Data records
== Segment start ==

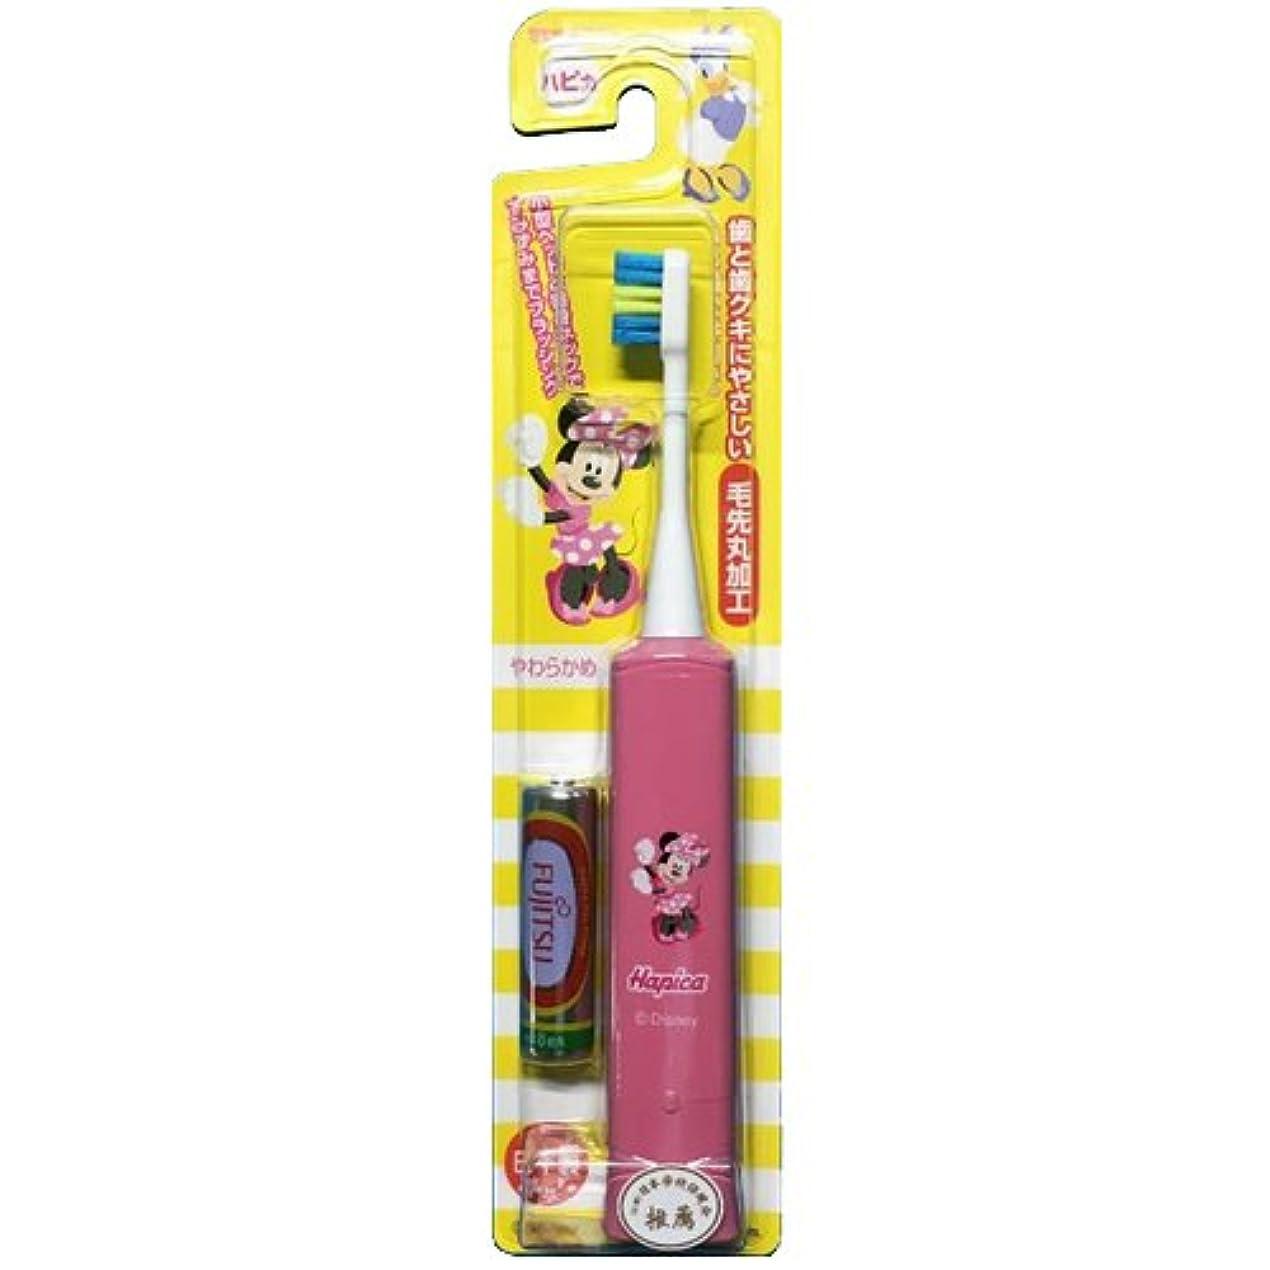 性差別ネックレットびっくりしたミニマム 電動付歯ブラシ こどもハピカ ミニー(ピンク) 毛の硬さ:やわらかめ DBK-5P(MK)
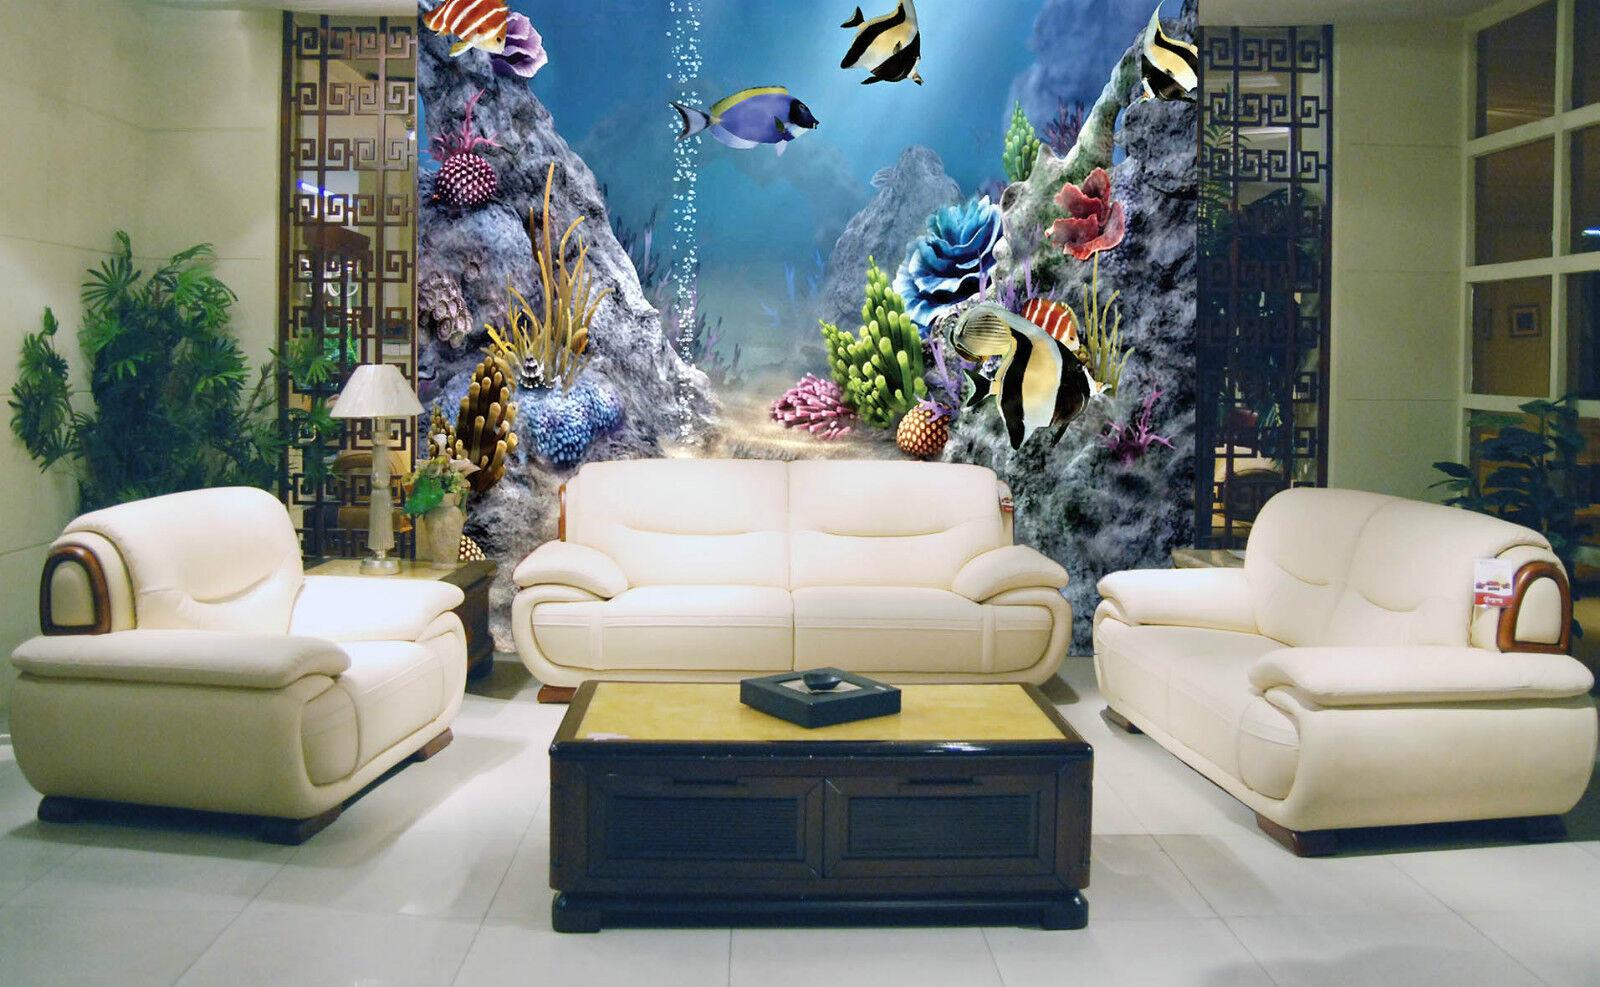 3D U - Stiefel -, Fisch 6283 Fototapeten Wandbild Fototapete BildTapete Familie DE
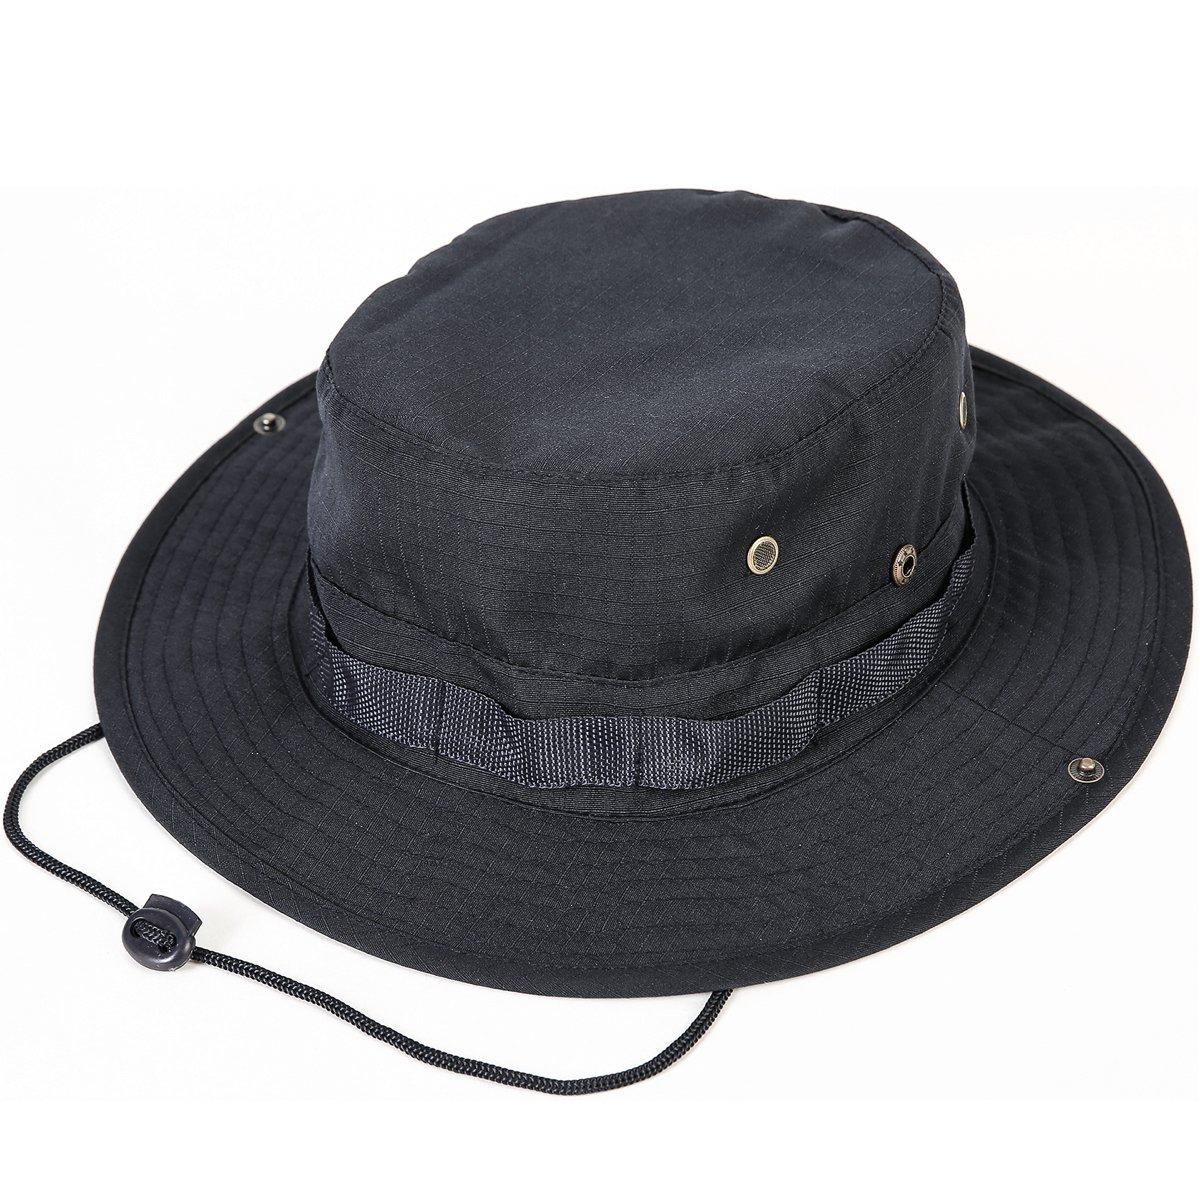 Unisex Militar Sombrero - Tela de algodón y poliéster suave superior ... 528791c8ac3
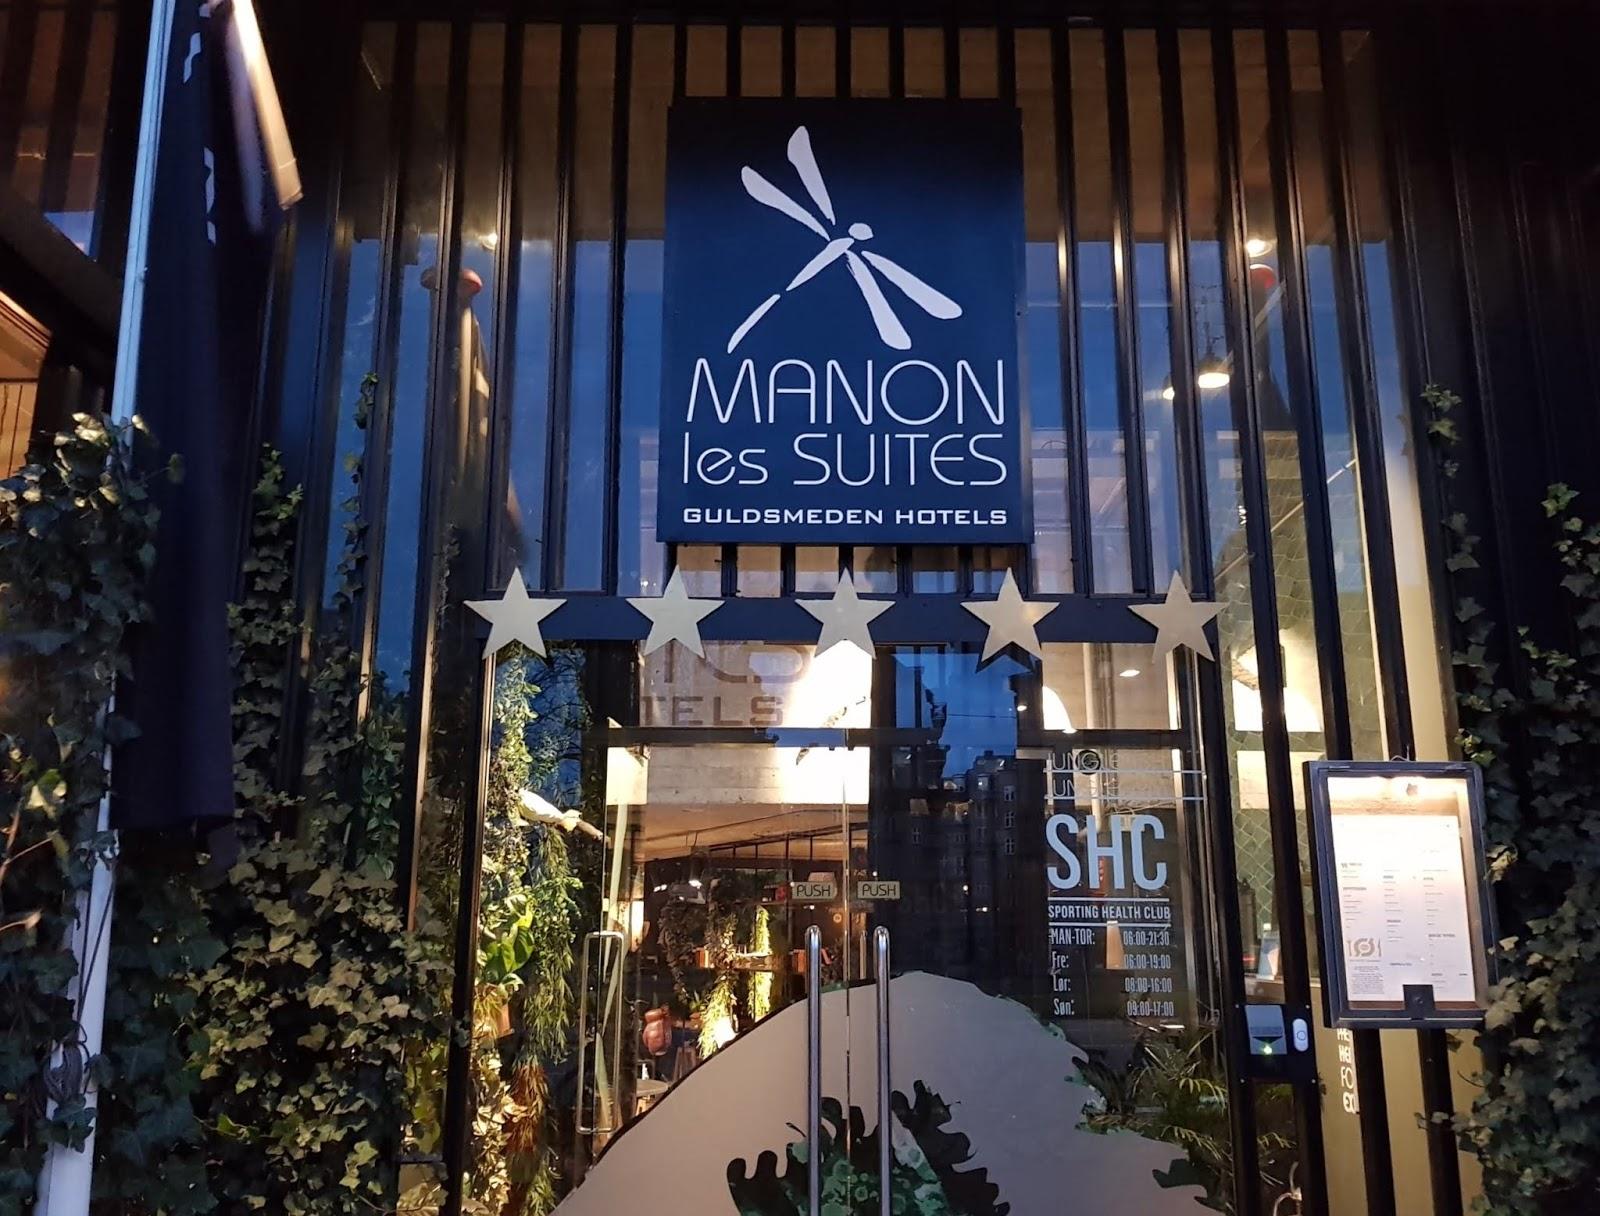 Manon Les Suites Guldsmeden Hotel - Best eco hotels in Copenhagen - Vegan Copenhagen Guide
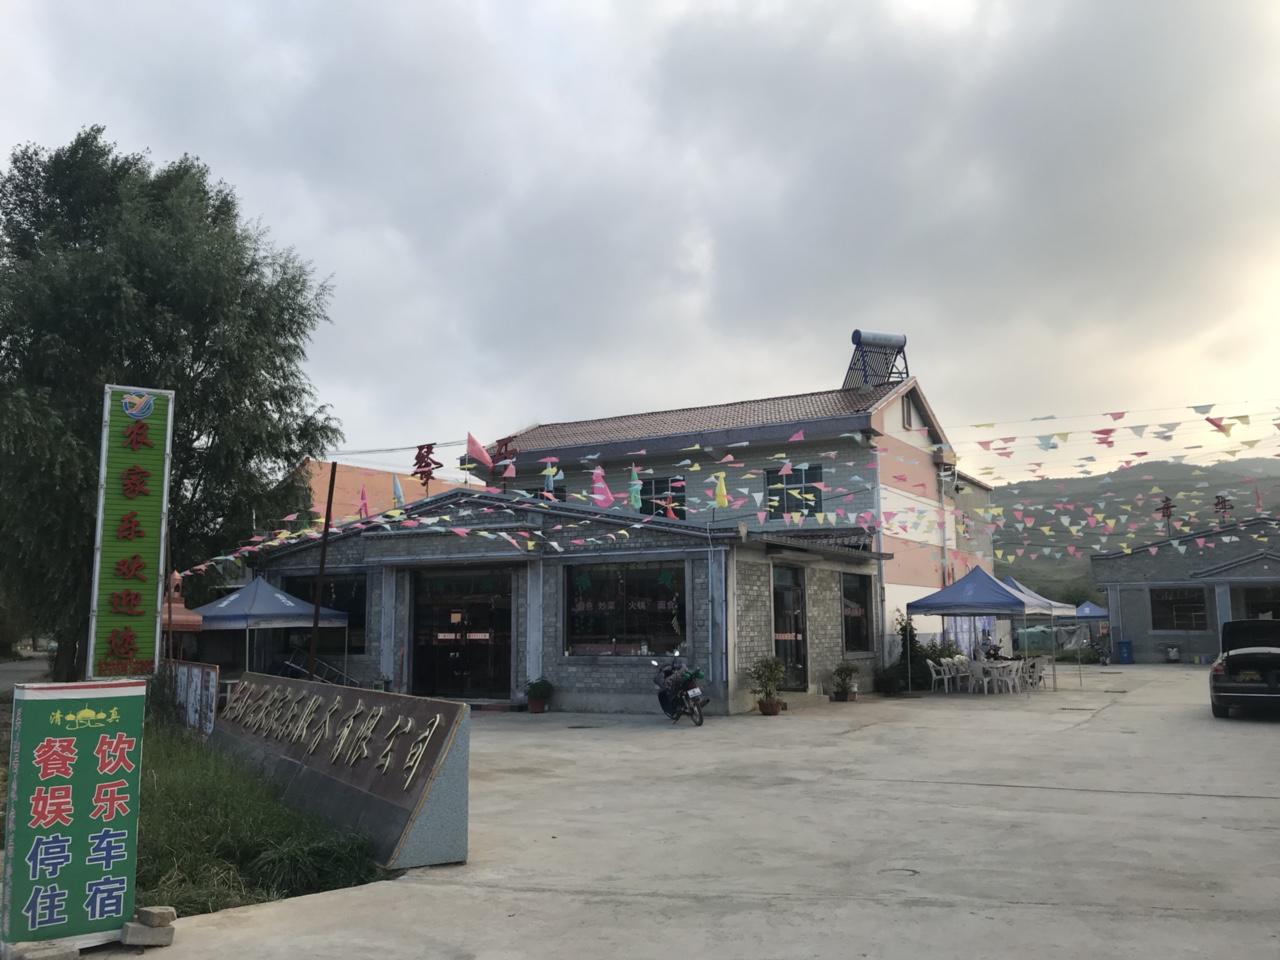 陕甘两省游客情有独钟关山云农家乐

== Segment end ==

Set down only the lines running from the line with "3D U - Stiefel" to the end of the entries, inclusive; omit every picture.

Response:
 3D U - Stiefel -, Fisch 6283 Fototapeten Wandbild Fototapete BildTapete Familie DE
 Unisex Militar Sombrero - Tela de algodón y poliéster suave superior ... 528791c8ac3
 Manon Les Suites Guldsmeden Hotel - Best eco hotels in Copenhagen - Vegan Copenhagen Guide
 陕甘两省游客情有独钟关山云农家乐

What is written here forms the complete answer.